Action item:
In the listing below, find the line containing "バンク貸し手導体1st market 広い歯の櫛の腹筋理髪ツールの" and the line containing "وظائف وزارة الدفاع". Repeat exactly those two lines and every line between them, nothing more.

:::

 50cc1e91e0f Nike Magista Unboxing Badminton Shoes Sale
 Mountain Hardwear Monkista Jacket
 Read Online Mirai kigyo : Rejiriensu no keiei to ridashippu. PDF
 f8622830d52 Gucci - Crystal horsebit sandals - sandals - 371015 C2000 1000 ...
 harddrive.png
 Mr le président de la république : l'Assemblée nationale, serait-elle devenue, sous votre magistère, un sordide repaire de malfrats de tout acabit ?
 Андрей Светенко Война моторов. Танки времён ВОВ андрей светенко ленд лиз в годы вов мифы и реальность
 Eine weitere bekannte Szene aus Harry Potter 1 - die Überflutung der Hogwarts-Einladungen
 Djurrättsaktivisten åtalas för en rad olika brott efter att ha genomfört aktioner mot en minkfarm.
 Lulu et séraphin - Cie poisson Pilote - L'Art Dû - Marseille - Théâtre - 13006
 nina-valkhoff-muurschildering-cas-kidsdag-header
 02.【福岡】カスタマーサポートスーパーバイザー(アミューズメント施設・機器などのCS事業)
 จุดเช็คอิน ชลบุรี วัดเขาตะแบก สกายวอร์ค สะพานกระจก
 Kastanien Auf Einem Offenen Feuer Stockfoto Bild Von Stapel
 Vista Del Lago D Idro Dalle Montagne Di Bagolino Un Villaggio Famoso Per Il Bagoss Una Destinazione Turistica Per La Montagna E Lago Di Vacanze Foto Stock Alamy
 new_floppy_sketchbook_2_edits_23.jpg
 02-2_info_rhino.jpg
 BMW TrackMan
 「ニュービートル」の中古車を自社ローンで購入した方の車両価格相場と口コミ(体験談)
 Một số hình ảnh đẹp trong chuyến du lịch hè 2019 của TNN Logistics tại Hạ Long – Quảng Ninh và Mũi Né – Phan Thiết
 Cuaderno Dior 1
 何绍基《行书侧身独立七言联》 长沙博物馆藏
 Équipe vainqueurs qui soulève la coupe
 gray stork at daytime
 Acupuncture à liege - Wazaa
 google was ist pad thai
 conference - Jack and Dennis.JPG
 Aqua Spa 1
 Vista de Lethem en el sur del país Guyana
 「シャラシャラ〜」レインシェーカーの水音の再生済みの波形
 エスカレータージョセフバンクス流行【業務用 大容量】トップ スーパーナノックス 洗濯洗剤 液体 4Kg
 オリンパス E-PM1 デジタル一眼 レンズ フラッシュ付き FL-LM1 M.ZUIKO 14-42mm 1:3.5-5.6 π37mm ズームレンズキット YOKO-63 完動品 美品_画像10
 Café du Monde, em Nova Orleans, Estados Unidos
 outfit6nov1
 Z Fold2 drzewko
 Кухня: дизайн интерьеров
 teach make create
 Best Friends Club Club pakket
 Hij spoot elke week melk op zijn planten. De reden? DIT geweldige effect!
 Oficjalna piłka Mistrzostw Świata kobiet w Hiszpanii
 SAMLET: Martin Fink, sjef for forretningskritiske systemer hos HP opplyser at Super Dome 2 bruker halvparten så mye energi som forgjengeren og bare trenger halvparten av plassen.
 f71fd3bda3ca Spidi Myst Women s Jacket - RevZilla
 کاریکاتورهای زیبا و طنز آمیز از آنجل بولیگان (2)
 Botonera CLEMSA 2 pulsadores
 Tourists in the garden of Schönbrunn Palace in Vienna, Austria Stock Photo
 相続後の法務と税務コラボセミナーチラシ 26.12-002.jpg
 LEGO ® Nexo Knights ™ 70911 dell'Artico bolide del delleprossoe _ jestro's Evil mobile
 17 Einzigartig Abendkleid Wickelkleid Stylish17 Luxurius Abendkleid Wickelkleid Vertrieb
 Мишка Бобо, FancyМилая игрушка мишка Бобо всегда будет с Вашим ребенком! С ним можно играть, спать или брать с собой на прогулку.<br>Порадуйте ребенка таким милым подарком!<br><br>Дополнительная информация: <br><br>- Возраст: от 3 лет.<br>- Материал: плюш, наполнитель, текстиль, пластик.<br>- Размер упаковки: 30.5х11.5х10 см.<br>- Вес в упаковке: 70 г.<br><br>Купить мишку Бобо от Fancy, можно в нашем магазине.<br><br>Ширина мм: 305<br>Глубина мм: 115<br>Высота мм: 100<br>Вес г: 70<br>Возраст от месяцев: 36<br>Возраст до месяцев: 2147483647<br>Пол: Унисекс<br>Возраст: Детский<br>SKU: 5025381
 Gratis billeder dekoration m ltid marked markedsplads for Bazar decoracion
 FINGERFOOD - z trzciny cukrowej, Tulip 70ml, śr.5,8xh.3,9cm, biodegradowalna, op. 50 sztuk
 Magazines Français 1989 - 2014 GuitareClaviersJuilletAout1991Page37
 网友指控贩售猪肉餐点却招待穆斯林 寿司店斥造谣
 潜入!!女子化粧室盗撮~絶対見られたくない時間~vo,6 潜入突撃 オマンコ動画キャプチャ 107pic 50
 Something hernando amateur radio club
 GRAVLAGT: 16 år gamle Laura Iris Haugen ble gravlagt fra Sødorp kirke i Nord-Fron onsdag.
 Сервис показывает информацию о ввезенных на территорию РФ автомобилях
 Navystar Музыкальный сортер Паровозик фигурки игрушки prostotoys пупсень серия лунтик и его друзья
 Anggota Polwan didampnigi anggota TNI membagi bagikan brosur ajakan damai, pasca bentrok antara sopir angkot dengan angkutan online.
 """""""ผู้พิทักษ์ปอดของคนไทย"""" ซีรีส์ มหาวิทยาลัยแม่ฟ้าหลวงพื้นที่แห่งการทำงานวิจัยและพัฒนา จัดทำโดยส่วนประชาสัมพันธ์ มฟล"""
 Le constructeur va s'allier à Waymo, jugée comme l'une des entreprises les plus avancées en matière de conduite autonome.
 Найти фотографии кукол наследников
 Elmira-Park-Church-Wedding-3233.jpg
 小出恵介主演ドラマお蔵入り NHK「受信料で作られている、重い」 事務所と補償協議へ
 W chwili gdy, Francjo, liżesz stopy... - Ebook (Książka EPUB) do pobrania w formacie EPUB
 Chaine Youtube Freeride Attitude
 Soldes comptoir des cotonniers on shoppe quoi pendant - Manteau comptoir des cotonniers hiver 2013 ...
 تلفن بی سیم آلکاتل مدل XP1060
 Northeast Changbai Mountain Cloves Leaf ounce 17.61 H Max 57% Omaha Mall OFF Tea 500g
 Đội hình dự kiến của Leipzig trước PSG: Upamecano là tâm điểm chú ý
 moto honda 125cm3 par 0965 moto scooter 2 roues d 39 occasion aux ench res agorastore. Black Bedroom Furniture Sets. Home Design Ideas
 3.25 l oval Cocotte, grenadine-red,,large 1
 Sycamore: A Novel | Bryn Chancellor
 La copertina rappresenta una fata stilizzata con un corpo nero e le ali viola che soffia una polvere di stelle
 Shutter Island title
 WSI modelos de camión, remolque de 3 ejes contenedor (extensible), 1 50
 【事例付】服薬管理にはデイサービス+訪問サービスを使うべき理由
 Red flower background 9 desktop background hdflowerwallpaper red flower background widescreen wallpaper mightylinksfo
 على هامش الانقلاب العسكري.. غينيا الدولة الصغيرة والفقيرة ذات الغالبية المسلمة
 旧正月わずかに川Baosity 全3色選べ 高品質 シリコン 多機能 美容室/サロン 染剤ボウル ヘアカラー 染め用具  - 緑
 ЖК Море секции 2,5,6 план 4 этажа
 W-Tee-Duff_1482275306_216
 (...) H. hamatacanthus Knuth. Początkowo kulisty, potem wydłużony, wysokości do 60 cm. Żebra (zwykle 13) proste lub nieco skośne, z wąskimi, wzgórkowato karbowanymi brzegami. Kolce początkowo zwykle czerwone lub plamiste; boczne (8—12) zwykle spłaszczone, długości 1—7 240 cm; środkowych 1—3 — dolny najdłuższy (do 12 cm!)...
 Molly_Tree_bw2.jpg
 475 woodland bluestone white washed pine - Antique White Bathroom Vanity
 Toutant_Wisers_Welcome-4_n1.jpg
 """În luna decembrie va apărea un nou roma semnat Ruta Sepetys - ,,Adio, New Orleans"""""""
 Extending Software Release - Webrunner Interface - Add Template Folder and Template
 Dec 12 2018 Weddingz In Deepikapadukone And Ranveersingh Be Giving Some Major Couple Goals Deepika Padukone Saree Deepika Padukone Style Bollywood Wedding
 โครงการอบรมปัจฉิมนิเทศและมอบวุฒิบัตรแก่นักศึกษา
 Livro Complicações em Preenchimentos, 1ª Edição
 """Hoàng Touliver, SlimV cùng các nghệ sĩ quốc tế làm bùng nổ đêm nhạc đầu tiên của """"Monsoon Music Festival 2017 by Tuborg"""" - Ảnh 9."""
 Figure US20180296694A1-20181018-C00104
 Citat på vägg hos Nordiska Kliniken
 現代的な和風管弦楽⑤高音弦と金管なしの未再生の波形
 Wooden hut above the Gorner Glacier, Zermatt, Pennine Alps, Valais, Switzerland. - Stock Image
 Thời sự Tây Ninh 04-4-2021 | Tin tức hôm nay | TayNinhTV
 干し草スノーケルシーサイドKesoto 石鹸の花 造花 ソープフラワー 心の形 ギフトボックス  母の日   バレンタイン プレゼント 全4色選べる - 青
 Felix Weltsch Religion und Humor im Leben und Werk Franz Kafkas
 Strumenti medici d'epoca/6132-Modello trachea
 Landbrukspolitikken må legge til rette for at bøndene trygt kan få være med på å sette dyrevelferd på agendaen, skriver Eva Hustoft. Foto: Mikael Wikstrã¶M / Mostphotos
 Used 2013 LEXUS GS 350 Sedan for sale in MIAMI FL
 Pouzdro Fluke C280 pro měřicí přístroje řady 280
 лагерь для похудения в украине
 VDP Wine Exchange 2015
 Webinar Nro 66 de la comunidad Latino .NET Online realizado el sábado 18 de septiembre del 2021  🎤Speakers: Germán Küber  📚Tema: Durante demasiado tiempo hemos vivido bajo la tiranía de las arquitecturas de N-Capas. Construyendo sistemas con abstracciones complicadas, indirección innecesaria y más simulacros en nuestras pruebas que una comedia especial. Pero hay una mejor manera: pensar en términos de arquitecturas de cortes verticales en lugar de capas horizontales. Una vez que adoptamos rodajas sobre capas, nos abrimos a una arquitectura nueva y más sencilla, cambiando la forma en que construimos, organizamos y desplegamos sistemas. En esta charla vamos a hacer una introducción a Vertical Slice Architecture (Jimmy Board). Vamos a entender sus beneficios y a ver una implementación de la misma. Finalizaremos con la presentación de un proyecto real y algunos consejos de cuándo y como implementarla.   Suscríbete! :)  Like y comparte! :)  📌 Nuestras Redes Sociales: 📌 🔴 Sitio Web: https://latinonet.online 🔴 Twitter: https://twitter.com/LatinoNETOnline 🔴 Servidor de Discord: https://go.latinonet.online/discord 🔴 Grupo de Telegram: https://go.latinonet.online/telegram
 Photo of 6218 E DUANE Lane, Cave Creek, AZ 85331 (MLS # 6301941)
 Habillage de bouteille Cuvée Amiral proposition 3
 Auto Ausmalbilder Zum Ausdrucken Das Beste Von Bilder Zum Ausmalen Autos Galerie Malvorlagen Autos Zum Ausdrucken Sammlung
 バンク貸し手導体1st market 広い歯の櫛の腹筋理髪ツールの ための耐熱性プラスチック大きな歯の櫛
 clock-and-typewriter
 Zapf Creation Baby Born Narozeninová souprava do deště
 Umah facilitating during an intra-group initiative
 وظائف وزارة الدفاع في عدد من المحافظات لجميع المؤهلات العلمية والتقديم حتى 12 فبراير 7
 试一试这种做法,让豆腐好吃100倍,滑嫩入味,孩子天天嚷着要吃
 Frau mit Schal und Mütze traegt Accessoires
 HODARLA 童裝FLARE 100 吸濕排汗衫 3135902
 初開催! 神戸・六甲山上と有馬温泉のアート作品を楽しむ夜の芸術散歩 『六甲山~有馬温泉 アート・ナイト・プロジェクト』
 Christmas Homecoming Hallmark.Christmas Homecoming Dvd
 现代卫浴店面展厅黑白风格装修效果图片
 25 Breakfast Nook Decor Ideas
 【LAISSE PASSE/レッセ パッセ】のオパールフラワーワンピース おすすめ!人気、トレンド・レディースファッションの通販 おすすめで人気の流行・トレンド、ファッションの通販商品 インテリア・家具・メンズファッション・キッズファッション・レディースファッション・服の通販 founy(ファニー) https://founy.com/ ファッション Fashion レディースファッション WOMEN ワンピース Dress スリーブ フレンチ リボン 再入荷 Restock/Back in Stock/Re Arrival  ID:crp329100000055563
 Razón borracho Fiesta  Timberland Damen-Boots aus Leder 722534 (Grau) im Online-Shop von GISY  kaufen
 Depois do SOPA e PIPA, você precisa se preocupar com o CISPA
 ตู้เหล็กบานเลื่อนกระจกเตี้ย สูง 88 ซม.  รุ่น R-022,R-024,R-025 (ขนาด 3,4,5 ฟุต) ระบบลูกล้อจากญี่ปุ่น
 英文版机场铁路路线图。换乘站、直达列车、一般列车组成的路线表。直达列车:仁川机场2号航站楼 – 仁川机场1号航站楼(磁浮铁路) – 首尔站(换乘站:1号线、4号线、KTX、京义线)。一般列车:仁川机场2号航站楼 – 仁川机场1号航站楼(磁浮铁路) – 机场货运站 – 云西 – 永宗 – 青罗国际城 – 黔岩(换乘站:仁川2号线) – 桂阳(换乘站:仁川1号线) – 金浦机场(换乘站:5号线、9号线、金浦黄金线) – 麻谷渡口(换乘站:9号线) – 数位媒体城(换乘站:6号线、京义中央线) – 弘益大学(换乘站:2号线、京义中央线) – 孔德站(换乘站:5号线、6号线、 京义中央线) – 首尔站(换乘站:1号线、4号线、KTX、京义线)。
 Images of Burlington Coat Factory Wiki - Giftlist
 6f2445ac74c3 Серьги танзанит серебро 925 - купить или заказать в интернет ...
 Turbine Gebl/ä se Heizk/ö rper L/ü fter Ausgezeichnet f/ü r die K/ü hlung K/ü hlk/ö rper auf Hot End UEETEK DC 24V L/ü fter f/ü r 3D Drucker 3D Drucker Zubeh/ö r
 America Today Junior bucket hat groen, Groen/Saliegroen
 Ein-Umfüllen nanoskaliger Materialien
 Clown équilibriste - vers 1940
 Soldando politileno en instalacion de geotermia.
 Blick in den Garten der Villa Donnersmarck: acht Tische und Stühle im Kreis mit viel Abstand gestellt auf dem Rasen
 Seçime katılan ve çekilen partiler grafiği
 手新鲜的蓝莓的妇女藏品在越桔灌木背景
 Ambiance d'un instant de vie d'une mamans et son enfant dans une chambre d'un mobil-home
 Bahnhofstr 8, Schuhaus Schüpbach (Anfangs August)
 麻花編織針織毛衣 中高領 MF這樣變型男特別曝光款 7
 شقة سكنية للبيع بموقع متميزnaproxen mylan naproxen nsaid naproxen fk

:::

Task solution:
 バンク貸し手導体1st market 広い歯の櫛の腹筋理髪ツールの ための耐熱性プラスチック大きな歯の櫛
 clock-and-typewriter
 Zapf Creation Baby Born Narozeninová souprava do deště
 Umah facilitating during an intra-group initiative
 وظائف وزارة الدفاع في عدد من المحافظات لجميع المؤهلات العلمية والتقديم حتى 12 فبراير 7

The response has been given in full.